Thursday, March 19, 2015

reality

the thought of facing reality on friday has been haunting me since I left two saturdays ago.
reality means spanish tests and learning about how to make someone's heart beat again
it means pretending to care about the pointless lunch conversations and choking on guilt at the sight of you.

I tried to forget about it while I was away but you must of injected me with grief and pain because every time I opened my eyes my first thought was you;
not because I want you
not because I still love you
but because I miss you.

we were odds and evens
a mix of hazel and deep brown
and an octave slightly out of tune
but we still sounded good.
but it's been four weeks
it's been FOUR weeks and babe I'm afraid it'll go to five;
maybe add six more onto that.
I bet after eleven we will be numb,
our memories wiped and yearbooks unsigned.
we won't walk at graduation together;
you won't recognize me wearing that dull shade of maroon and you will blend in with the other boys in black;
and when they call our names we won't acknowledge the history behind the letters because we won't care anymore.

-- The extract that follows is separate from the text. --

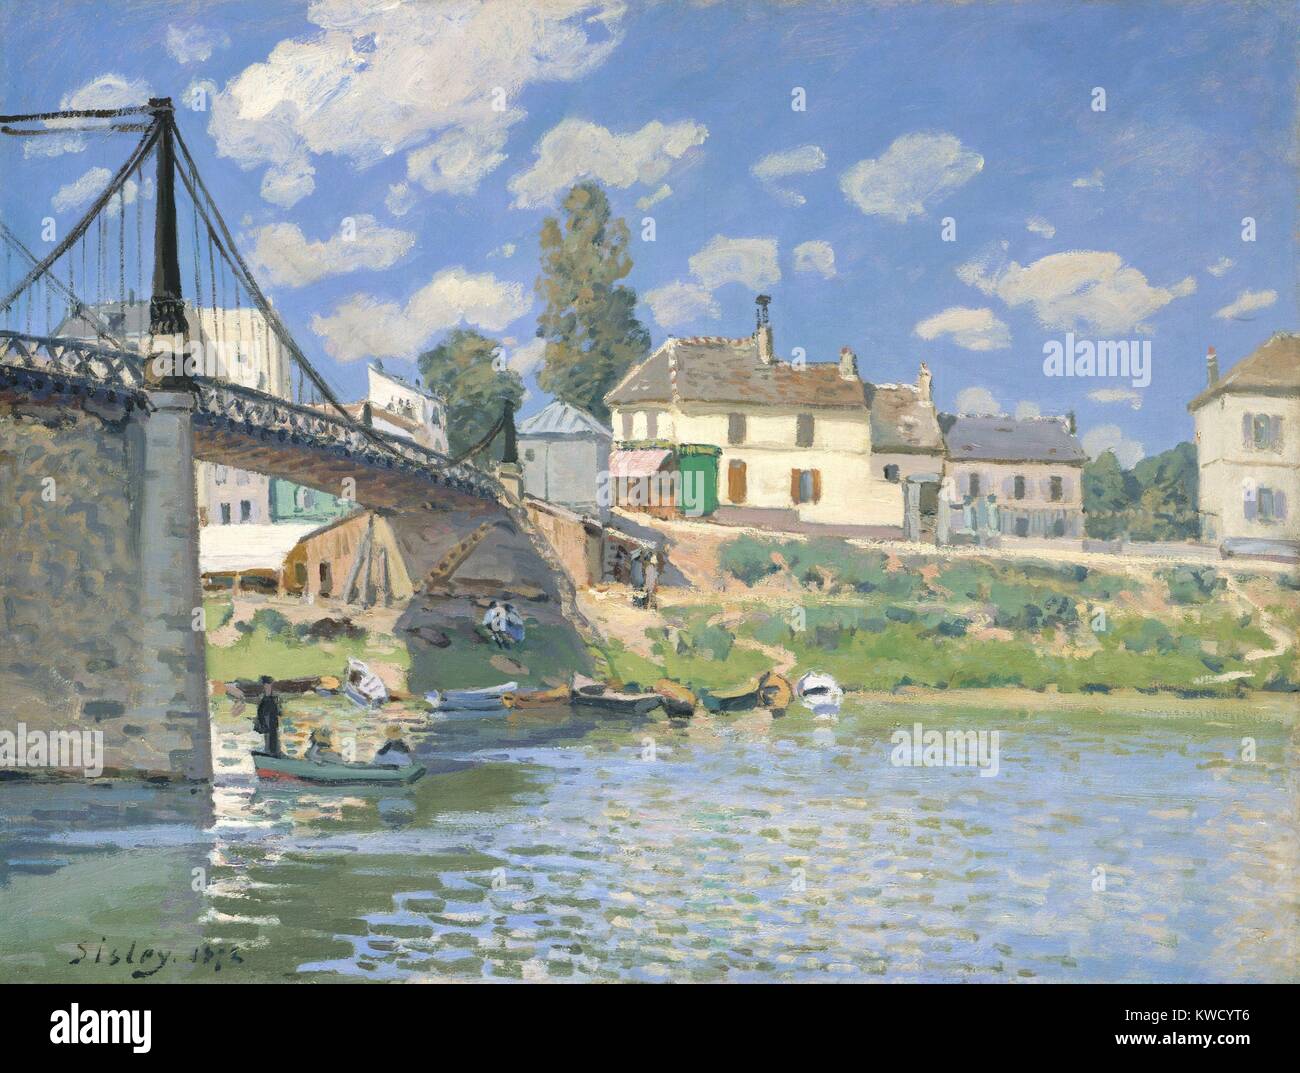 Die Brücke von Villeneuve-la-Garenne, von Alfred Sisley, 1872, französischer Impressionisten Öl Malerei. Sisley malte diese moderne Brücke mit dem Pariser Vorort St. Denis in einem hellen Palette mit Flachbild Pinselstriche, die Reflexionen auf dem Wasser (BSLOC 2017 3 126) Stockfoto

it's hard to think about not caring.
but it may just be easier
and maybe if I don't care I can finally give my heart to that boy in fourth period because I won't be worrying about how I'm going to explain myself to you
or when I'm going to dial your number and actually press send
when I'm going to respond to your texts you sent five weeks ago


I loved you.
im sorry too.
I understand, I think.
but trying to go back to journey and sub zero on school nights won't happen.
she will be there
it won't be bad but it won't be the same
the ice cream will be bitter
and 'faithfully' won't sound as good when it comes on 94.1
2013 won't be 2015
and the octave will be flatter than it has ever been.

I guess forgetting will have to be okay.















1 comment:

  1. Oh jayj this is beautiful. History behind letters. I know how that feels.